** What is needed **
Transcribe the whole listing below without changing a word, but leave out every image.

** Data shown **
== Segment start ==
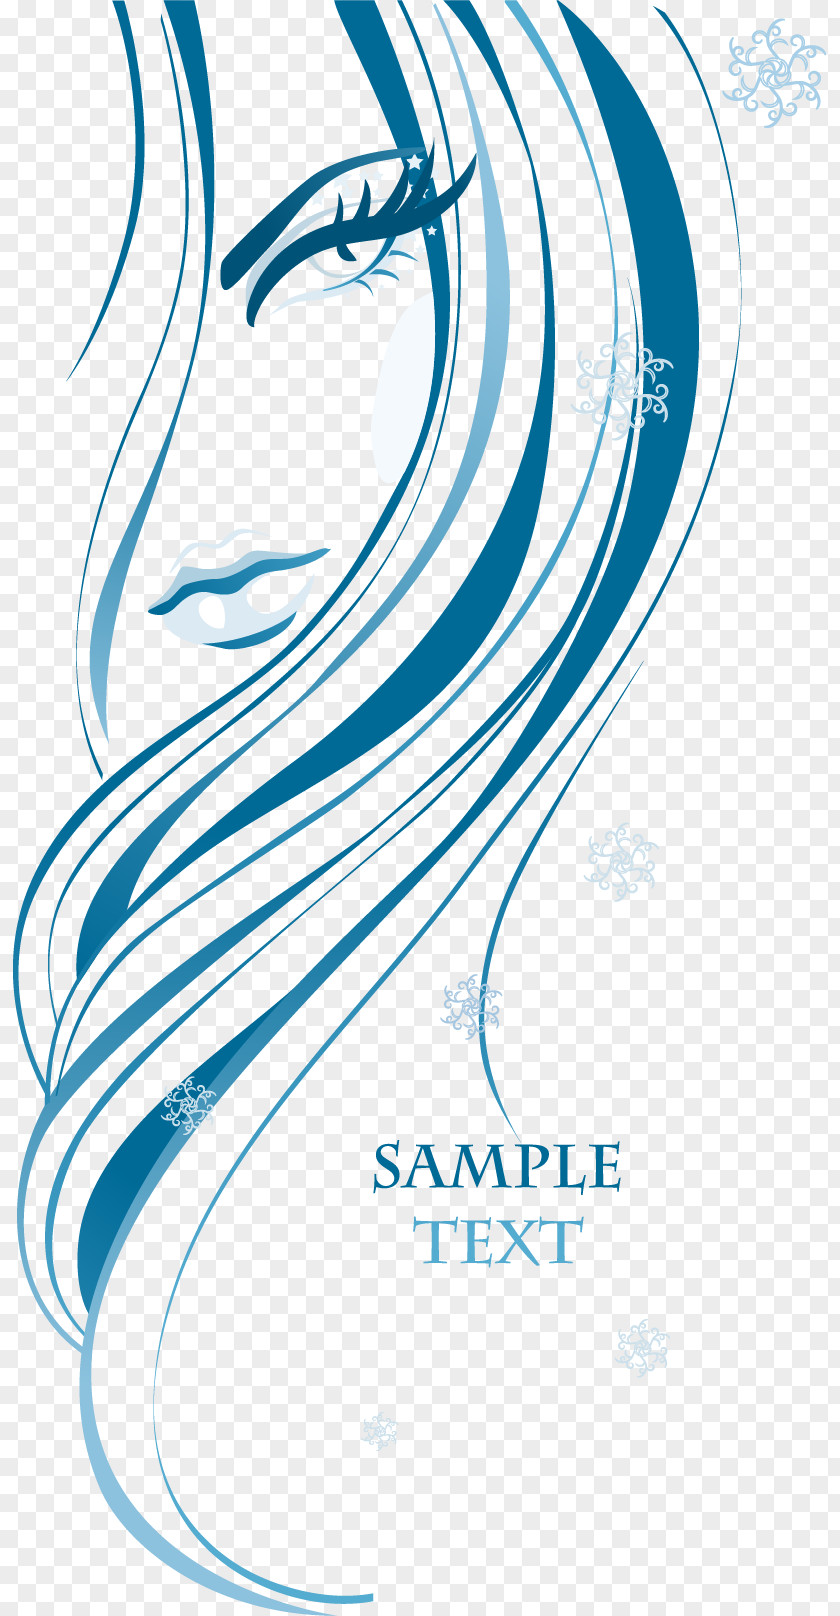 Girls Avatar Vector Elements Female Royalty-free Stock Photography Illustration PNG
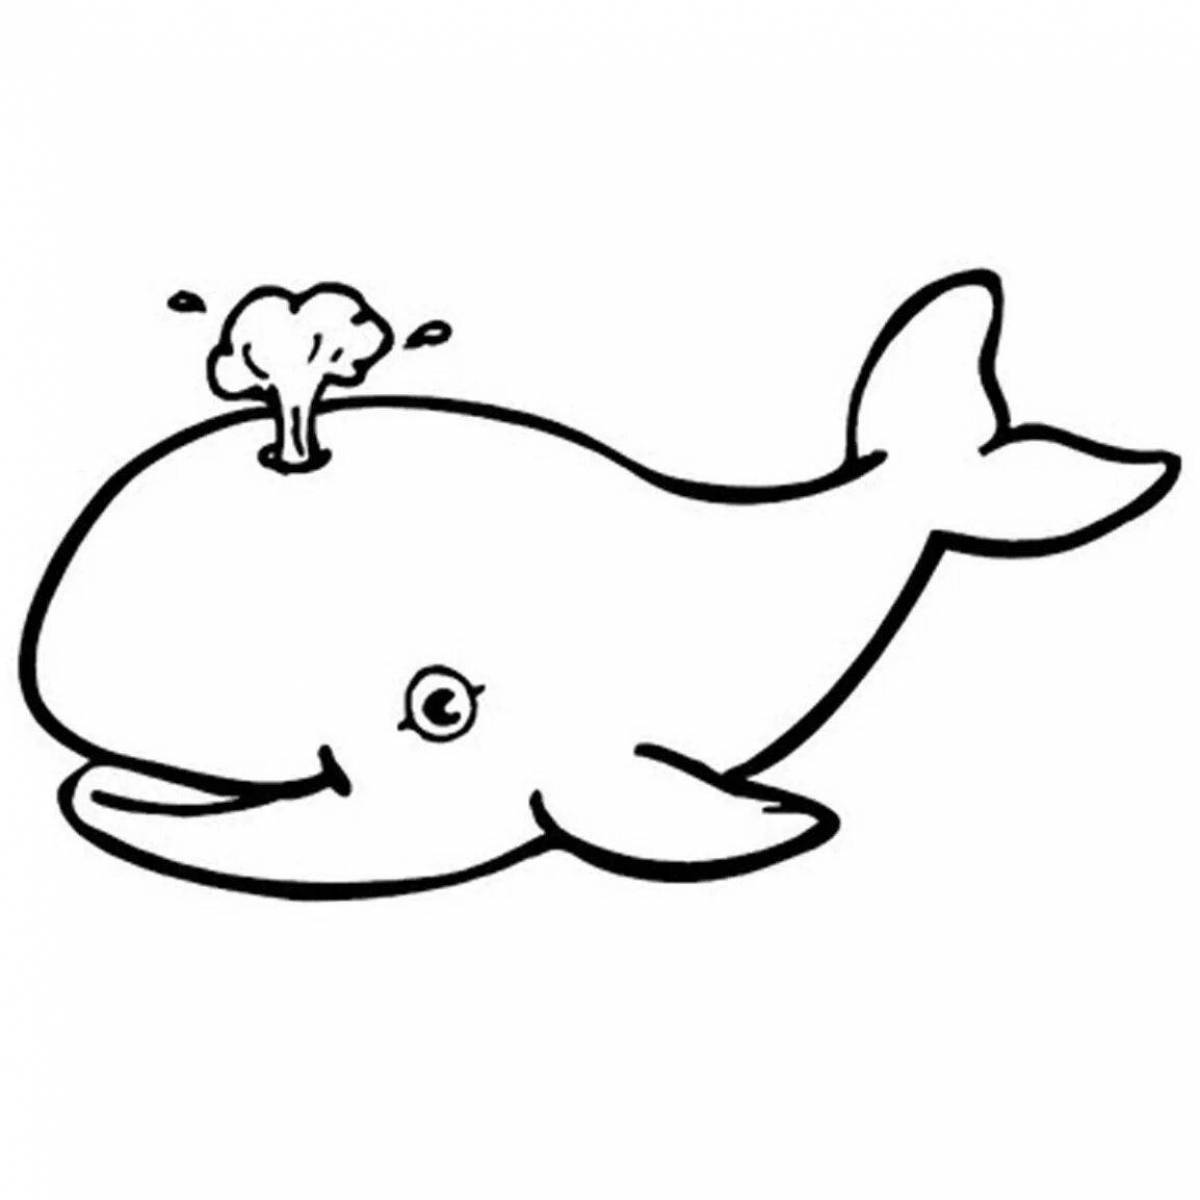 Great whale fish coloring book
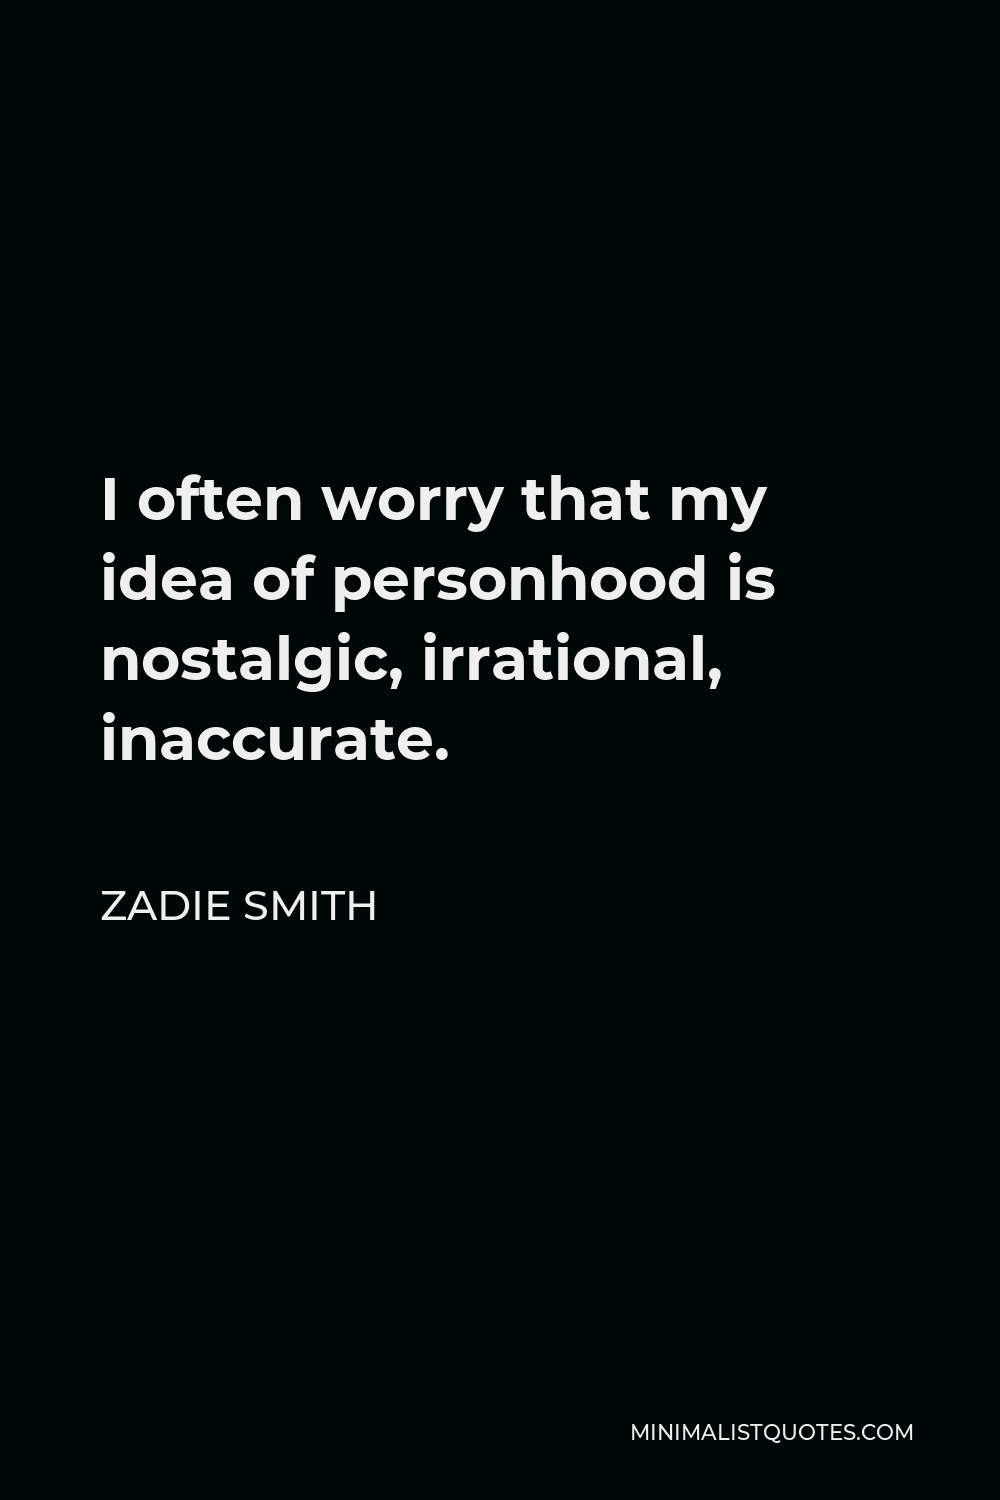 Zadie Smith Quote - I often worry that my idea of personhood is nostalgic, irrational, inaccurate.
== Segment end ==
** Exercise solution **
 Girls Avatar Vector Elements Female Royalty-free Stock Photography Illustration PNG
 Great whale fish coloring book
 Zadie Smith Quote - I often worry that my idea of personhood is nostalgic, irrational, inaccurate.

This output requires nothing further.